Parents say the experience piled on extra stress; 47% of parents of disabled children have been to see their GP due to stress anyway, with 62% then being prescribed medication, according to the disability charity Scope. On a Mumsnet thread, one parent wrote that the process of going to tribunal was profoundly stressful, adding: “I ended up spending time in a psych ward after ours, which was in part due to the stress of having to deal with hostile LA representatives.” (It’s worth noting that one parent on the same thread said that she had received useful advice on the phone from Mark Small when she contacted him, and described him as “great”. “He was kind and caring and spent a lot of time with me – for no charge. I am stunned it is the same man,” she wrote.)
When contacted last week, Small said he deeply regretted his comments. He said he sent the tweets after a “red mist” descended on him when he received a strongly worded email abusing him for the work he did. “It’s not an excuse. I receive emails all the time from parents who are not very happy,” he said. “On this occasion it resulted in me sending some stupid tweets.
He argued that the system he operated in was very flawed, describing it as “a nasty little system, the SEN system”. He said: “The image that we presented of the company … that I presented with my tweeting, is suggestive of a firm that is looking to run roughshod over families, and that isn’t the case. It is part of a wider problem with the sector,” he said, adding that his firm has never been reprimanded by the SRA. “I’m certainly not saying that these are nice hearings, and I am sure that they are not good for anybody because they can result in very adversarial proceedings.”
He did not respond to requests for comments on the detailed allegations made by parents who had faced his firm.
A Department for Education spokesperson says: “Our reforms to the Special Educational Needs and Disabilities (SEND) support system are specifically designed to put families and children at its centre, and make it less adversarial. We are reviewing the system of disagreement resolution, which includes mediation and tribunals, to make sure that it works effectively for parents and carers.”
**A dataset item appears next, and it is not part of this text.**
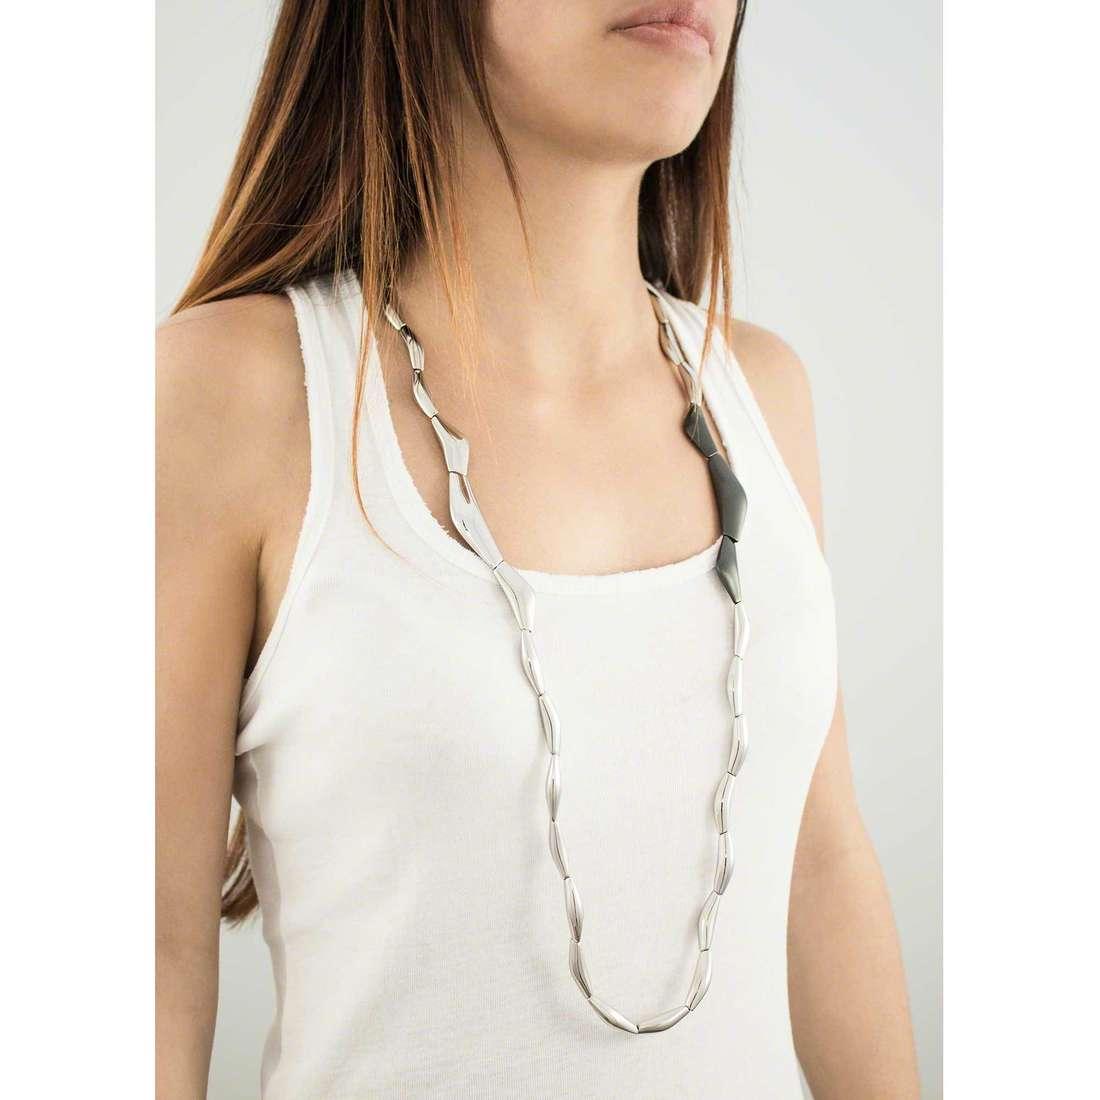 Breil colliers Flowing femme TJ1819 indosso

Adrian Loades, executive director for children, families and adults at Cambridgeshire county council, acknowledged that Baker Small had been used previously because of tension between demand for services and the “finite nature of budgets”. Cambridgeshire was the first council to announce it was dropping the firm after the “unacceptable” tweets.
“We strive to avoid an adversarial relationship with parents, but there are times when an agreed view of how a child’s needs should be resourced and met cannot be reached … We accept that there are times when it is difficult to reconcile the tribunal process with the desire to work constructively with parents. This is what we seek to do even if we are not always successful,” he said.
One father of a disabled child, with considerable experience of going to tribunal, says that unless the system is reformed, a new firm will emerge to scoop up the work. “Most of these local authorities say they’re shocked – shocked, like Captain Renault in Casablanca – to find a contemptuous attitude to parents present at Baker Small. But SEN is a small world, and Baker Small’s modus operandi is very well known. For the local authorities that purchased their services, Baker Small’s approach with parents won’t have been a surprise. For the worst LAs, it will have been an acceptable and desirable part of the package,” he says. “Baker Small is the target of many for now, but the local authority culture that creates demand for their services is the real problem. Unless it’s addressed, we’ll simply see another Baker Small pop up a few months down the line.”